I left her in charge and went to the printer’s and told Simon Race that John and Nat had been taken. We stood talking with the works empty around us, the press silent.
“We must close the works down with the three of them gone,” said Simon. “I can’t run it alone.”
“I could help thee.”
He shook his head. “No. We’d need John, for the press. Besides, there’s not much work coming in now from the town. I think people are nervous of being seen here.”
He looked anxious, and I realized he had a child to support, and that if Mary’s income dwindled she might have to let him go; and me too. Mary had given me my second month’s pay early, knowing she might be arrested, and I had the weighty crown coin wrapped in a handkerchief and tucked under my mattress in the bed upstairs, where I hadn’t slept for a week. It was time I went home, I thought, and found out how things were with my parents, and gave them the money. I needed none of it, for I still had spending money left from the two shillings I’d kept from my first pay.

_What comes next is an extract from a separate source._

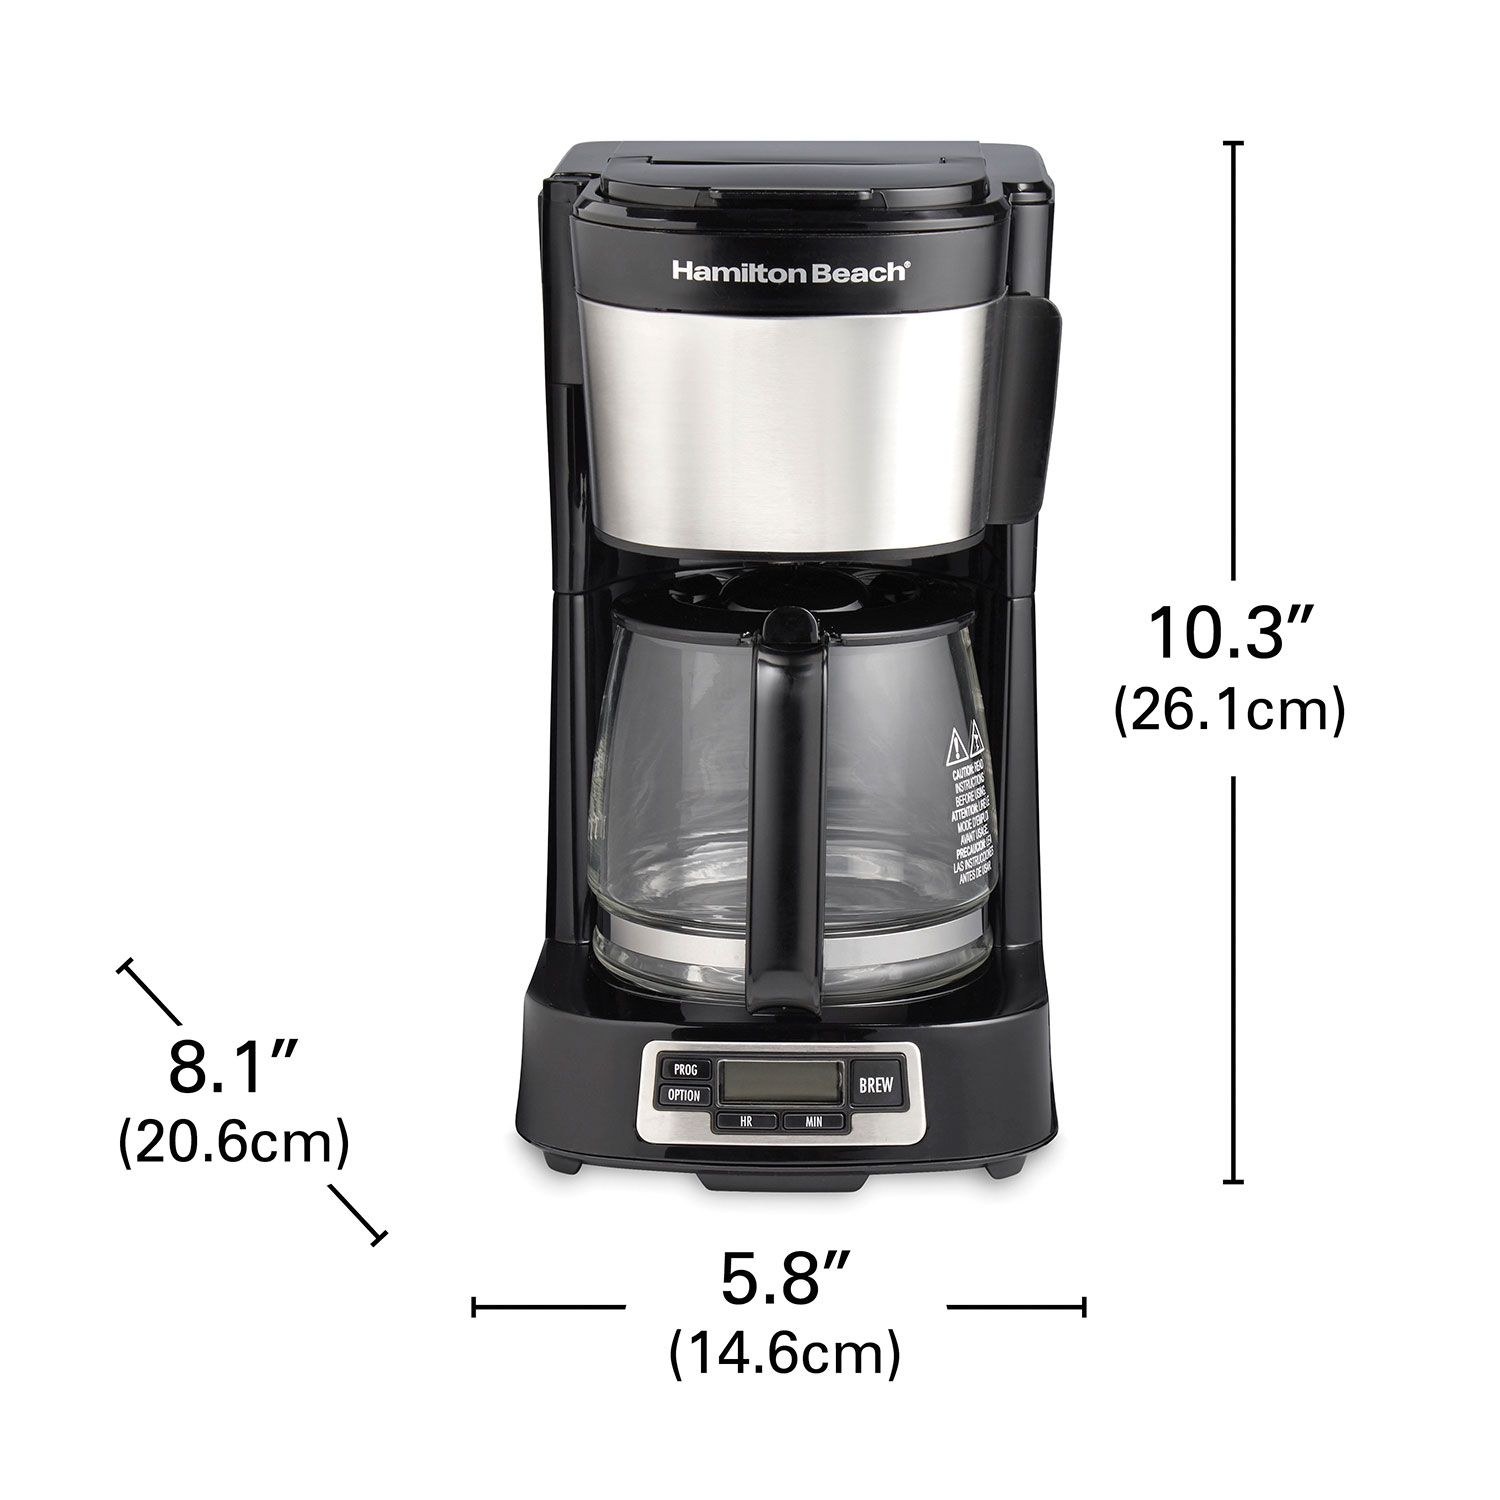 Hamilton Beach Coffee Maker, 5 Cup, FrontFill Compact

That night I lay alone in the bed I had shared with Judith. Abigail slept near by, and her brothers in the next room. But Judith was gone, and Nat; and Will – I dared not think about Will. I missed Mary, and wished I had her there to counsel me. But one thing I saw clearly: if we were to keep the meeting alive during this time of trouble it must be the children who kept faith. And I was the eldest. I must be the one to lead them.
William
M
y father and I returned from Welshpool on Monday, having travelled most of the day. We had not got on well. He had kept me in the background during his business transactions, no doubt fearful that I would disgrace him as I had done with John Rhys. I was angry at being removed from Hemsbury and only spoke when spoken to. And although I was attentive to his commands, he complained that I was sullen.
It was late when we reached home, and both of us were hungry. I knew the servants would have a cold meal prepared that could be put on the table quickly, but I didn’t want to wait. Ned came out to take the horses and help unload our packages, and while my father was engaged with him, I said, “I must go out. I shall not be long,” and was out of the courtyard and into the street before he could argue.
I went straight to the Mintons’ shop. Hester opened the door, and called Susanna, who came running. We flew into each other’s arms.
“What news, love?” I asked.
“They are all taken,” she told me. “Nat, Judith, John Pardoe, John and Isobel of the Seven Stars… All came before the mayor today and were sent to join the others in prison. They await trial at the sessions.”
“It’s finished, then? The meeting is closed down?”
“Only if we allow it. The children are free. We plan to keep the meeting. Will thou come? Say yes. I need thee there.”
“And shall have me.” I held her close. We would stand together as witnesses to the truth. “But with John and Isobel taken, how can we use the Seven Stars?”
“I have a key. And if they prevent us, we’ll meet outside. The meeting is not illegal unless more than five people are over sixteen.”
That pleased me. That would answer my father.
Before I went home I walked for a while around the streets to get my courage up. I knew there could be no compromise with my father now. When I arrived back at the house I was trembling, keyed up for the conflict I knew must come.
Meriel met me in the hall. “Supper’s ready, sir.”
I thanked her, wondering if she could see how tense I was.
With my hat on, I made my way to the dining room. My heart was beating fast. Anne and our stepmother were just going in, and my father, also wearing his hat, was already there, about to take his place at the head of the table.
Anne looked up at me and whispered, “Will, your hat…” and then I saw her eyes widen in alarm as she realized what I was about to do.